# Freebee! Machinery's Handbook



## Finster (Mar 2, 2016)

A guy I work with had a Machinery's handbook 25th edition on the bookshelf of his cubical. I spied that and asked if I could take a look. I thumbed through it and said," hey thanks, I need one of these." He said, "Give that to me!!!!" While I was handing it back he opened his lower desk drawer, pulled out another copy and tossed it at me. "HERE! and shut the &$%^ UP!" He grinned a little. Knowing him, I think his wife got her engagement ring in a similar fashion.  It amazes me how some people are so nice but don't want to be known or portrayed that way.  Just in case you are wondering, I know for a fact he bought both books himself, they are not from a company. That's a nice gift, I told him I was only kidding but he insisted I take it.  Damn nice guy. It renewed my faith in humanity which has been lagging lately.


----------



## microshop dinker (Mar 2, 2016)

Great score!!!  Just when we least expect it our faith in mankind (some of them anyway) is restored.   Sammy


----------



## ch2co (Mar 2, 2016)

Pay it forward.
As in: Do unto others as you would wish them do do unto you.
We're all in this together.

CHuck the grumpy old guy


----------



## Bob Korves (Mar 2, 2016)

Now read it cover to cover.  There will be a test...


----------



## T Bredehoft (Mar 2, 2016)

Bob Korves said:


> There will be a test...



Life is the test.


----------



## P T Schram (Mar 2, 2016)

T Bredehoft said:


> Life is the test.



If only I could find the answer key!


----------



## Bob Korves (Mar 2, 2016)

P T Schram said:


> If only I could find the answer key!


I could sell you my CliffNotes...     8^)


----------



## TommyD (Mar 2, 2016)

I've lost count how many times I've referred to mine, for work and school it's proven invaluable.


----------



## Finster (Mar 2, 2016)

Bob Korves said:


> Now read it cover to cover.  There will be a test...


DONE! Ask me anything!


----------



## TommyD (Mar 2, 2016)

Figure this angle.


----------



## David VanNorman (Mar 2, 2016)

There is lot of stuff in one of those books . If I could only remember it all.


----------



## gaston (Mar 6, 2016)

when I use it,  by the time I find the information I'm looking for I forget why I needed it and the time I allotted for the project has been used up reading the book. my wife calls it machinest porn!!


----------



## michael.kitko (Apr 4, 2016)

I got my first Machinist Handbook in a very similar way...given as a gift from a grumpy old guy with a hand written "For those times when you aren't schooling me and you might not actually have the answer."

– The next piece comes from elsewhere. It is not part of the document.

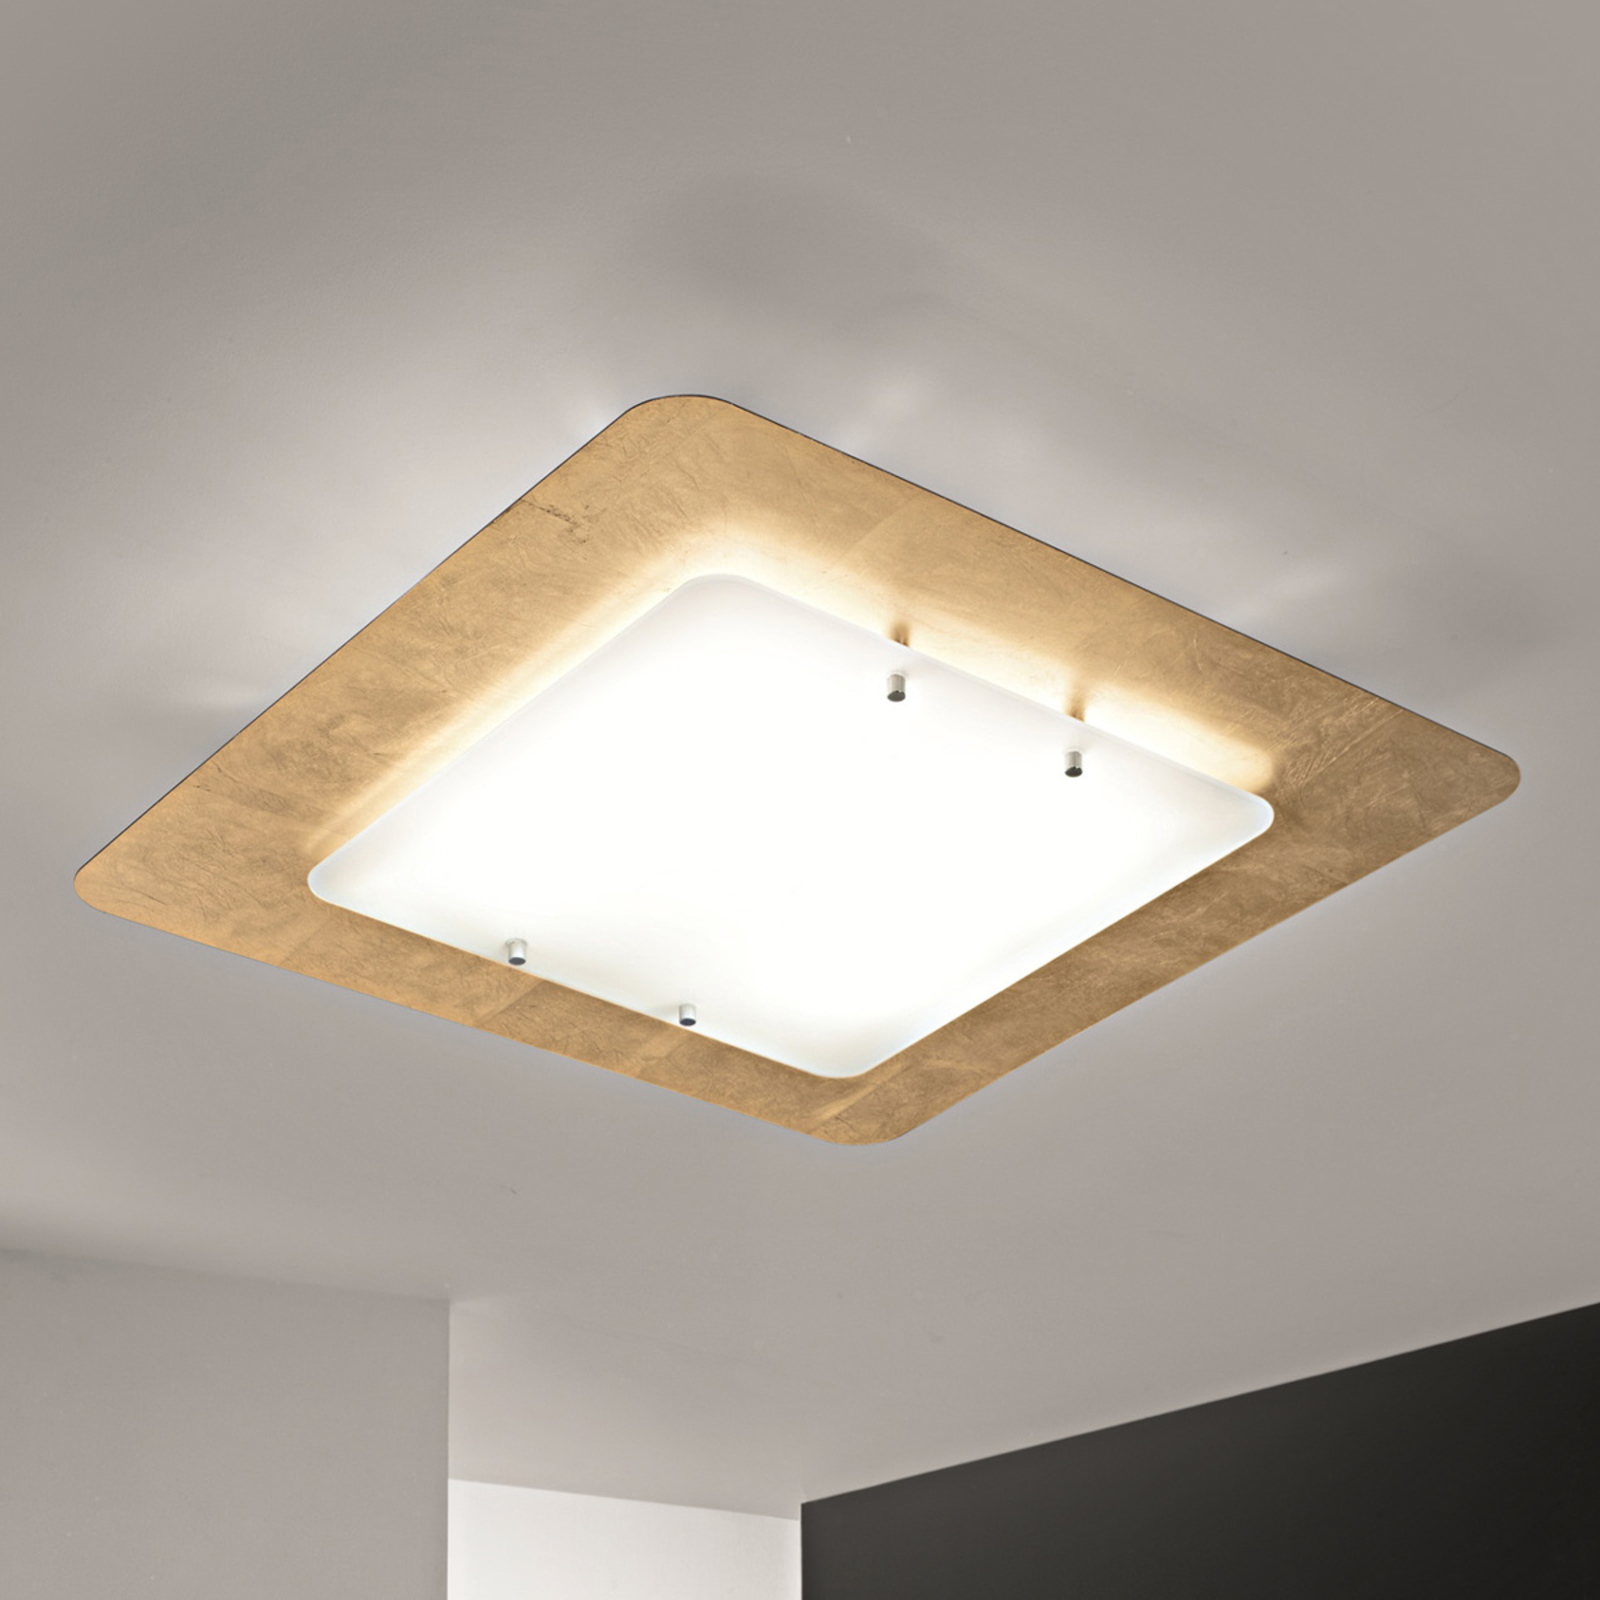 Pop-Up ceiling light, gold leaf frame, 32 x 32 cm

Sent from my XT1064 using Tapatalk


----------



## RIMSPOKE (Apr 4, 2016)

MY FIRST ONE WAS HANDED DOWN FROM MY GRANDFATHER TO MY FATHER TO ME .
IT's A SEVENTH EDITION FROM 1929 . SOMEONE NAMED FLOYD TILTON HAD IT BEFORE GRAMPS .


----------



## uncle harry (Apr 4, 2016)

microshop dinker said:


> Great score!!!  Just when we least expect it our faith in mankind (some of them anyway) is restored.   Sammy



Today I used my new issue chip credit card. Of course the procedure to use these is very different from the mag-swipe technology. As a creature of habit I forgot to remove the card & drove off,  Calling the bank later relieved my worst fear. A following patron retrieved the card & took the time to return it to the bank drop box.  Not all of society is  lost.


----------